I stifle a laugh and shovel another heap of sugar into my weak ass coffee.

"What?" he asks with his mouthful.

"Nothing. It just, you used to ask how things with Joshua were going. Why are you so interested in Bud all of a sudden?"

"Can I be honest with you, Dotsky?" He sets his toast down dramatically.

"I don't know. Can you?"

"You and Josh have had thirteen years to figure yourselves out and get together, and it hasn't happened. At some point a big brother's gotta cut his losses and look to the future for my baby sister's happiness. So..." He reaches over and stabs his fork into my last sausage. I grab it off the prongs with my fingers and hold it out of his reach. "How are things with Bud?"

"Fine," I say. "We're really good friends. He's ... great."

He raises a suggestive eyebrow at me.

"What!?"

"Just friends?"

"Yes."

He pouts a little, then drags his finger through the undercooked remains of his fried egg and licks it clean. "He's never made a move on you?"

"What? No. Bud doesn't ... do that. He doesn't make moves."

"Is he gay?"

I roll my eyes. "I don't think so."

"You've never asked him?"

"No. That's personal. And weird. And ... not my business."

"I think it's your business. If you're going to fall in love with a gay guy, it would be nice to know ahead of time."

"I'm not falling in love with Bud," I say. I put my sausage back on my plate but cover it with my fork protectively.

"Why, because you're hung up on Josh?"

That hit a nerve. "Shut up. You don't know what you're talking about."

He relents long enough to walk to the fridge and refill his orange juice. He sits back down and looks at me, intently. He's not teasing. He's ... assessing.

"Think about something for me," he says. "You don't even have to tell me what you're thinking. Just think about it."

"Fine," I groan. "What do you want me to think about?"

"I want you to think about everything Josh has done for you--for you, not with you--in the last thirteen years. Then think about what Bud has done for you in the last six months."

It takes me less than ten seconds to understand what Brent is getting at. And the truth of it sits heavily in my chest. Maybe my relationship with Bud is getting lopsided. Maybe he cares more about me than I do about him. But that's not true. Is it?

"Bud's an amazing friend," I say. "But I don't feel about him the way I feel about Joshua."

"Of course not," Brent says eagerly, like he's making some breakthrough in love psychology and I'm his test subject. "You'll never feel about anyone the way you feel about Josh. You guys are going to be in love with each other until the day you die. There's no getting around it. But the truth is, your best days with Josh might be behind you already. And that means a future with him isn't going to be anything but a disappointment. And maybe you guys haven't been able to start something together, because deep down you both know it's not going to be as perfect as you want it to be."

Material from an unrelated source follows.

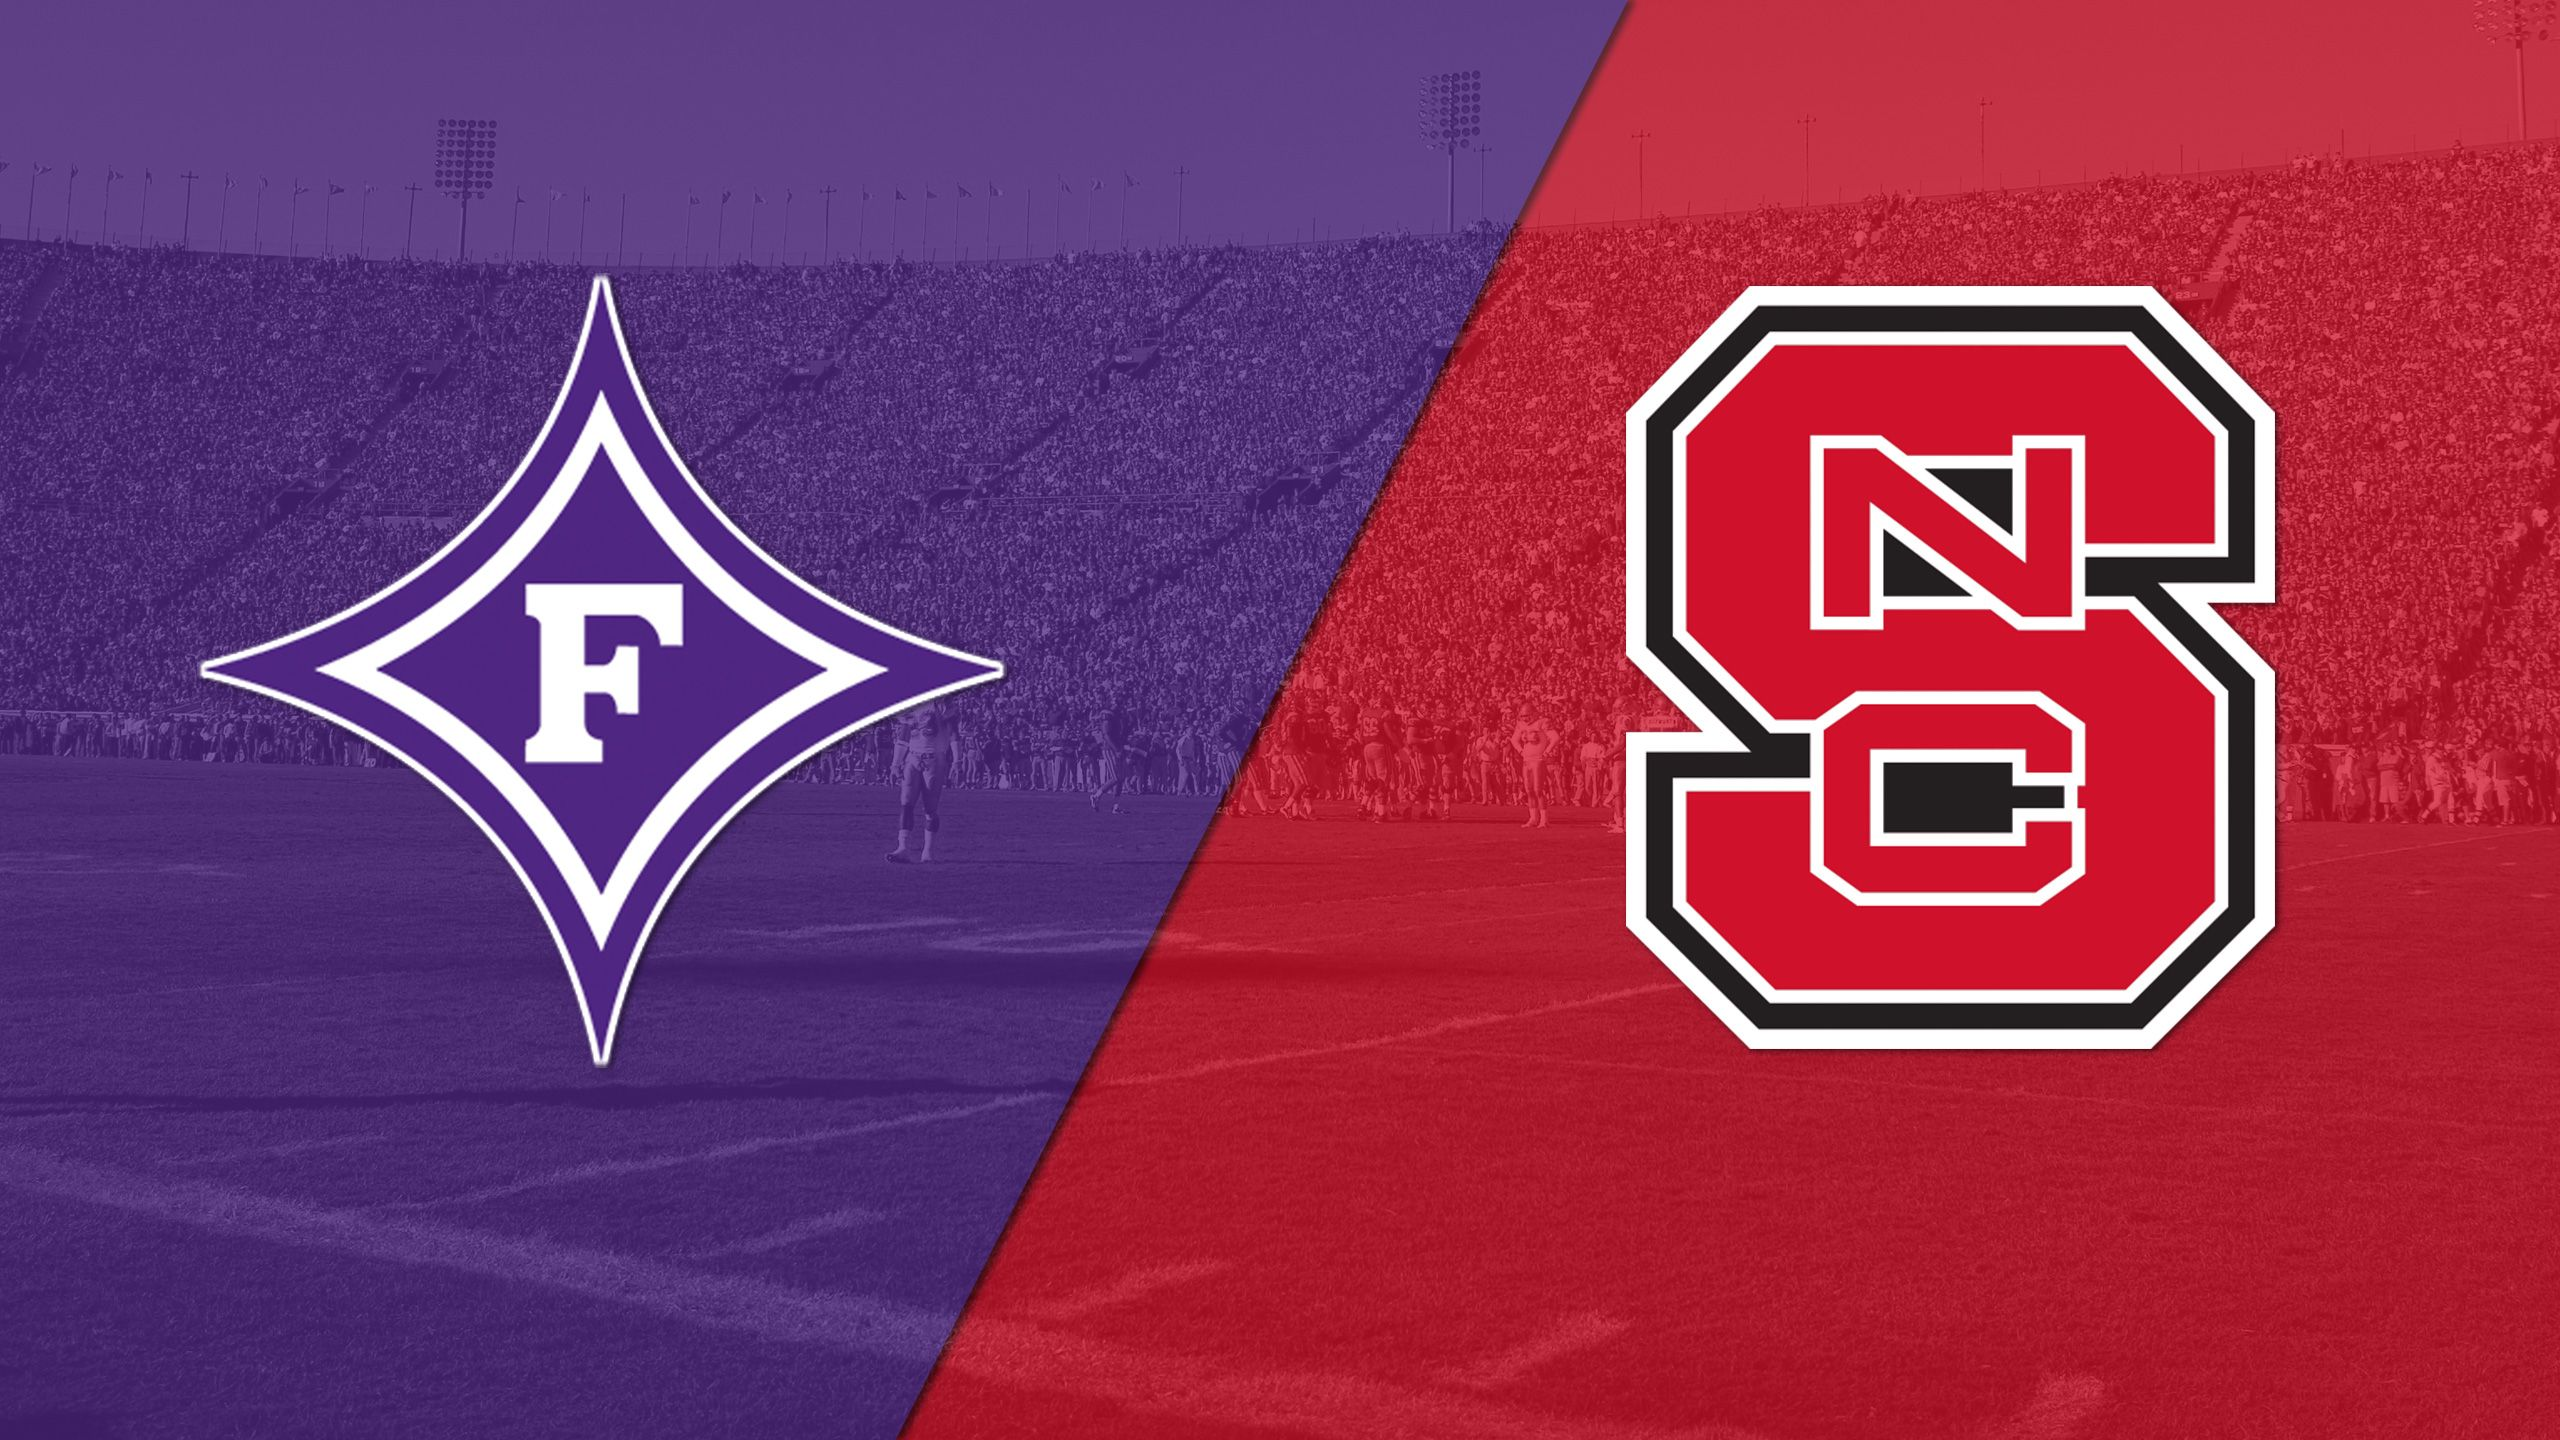 Furman vs. NC State (Football)

I glare at him. Not angrily. But ... what the fuck?

"I'm just saying," he says. "Don't brush off the guy who's putting in all the work, to get to the guy you think you're supposed to be with. 'Cause, if that guy ain't doing the work ... he ain't worth your precious time, Dotsky."

"But should love feel like work at all?" I ask, turning the tables on him.

"No, it shouldn't. That's my point." Tables unturned.

I narrow my eyes suspiciously. "Who are you, and what have you done with my fuckface older brother?"

"It's me, Dotsky," he smiles, knocking my fork shield away and snatching my sausage. He leans back and inspects it. "Here's something else for you to think about." He pulls a banana out of the fruit bowl and holds it up next to the sausage. "Size may not be everything, Dot." I'm already rolling my eyes. "But I'm not going to tell you it's nothing." He shoves the whole sausage in his mouth and hands me the banana. "Size fourteen, huh?" he mumbles over the half-chewed representation of Joshua's supposed short comings.

"I hate you."

"Mm hm." He grins proudly. "Love you, too."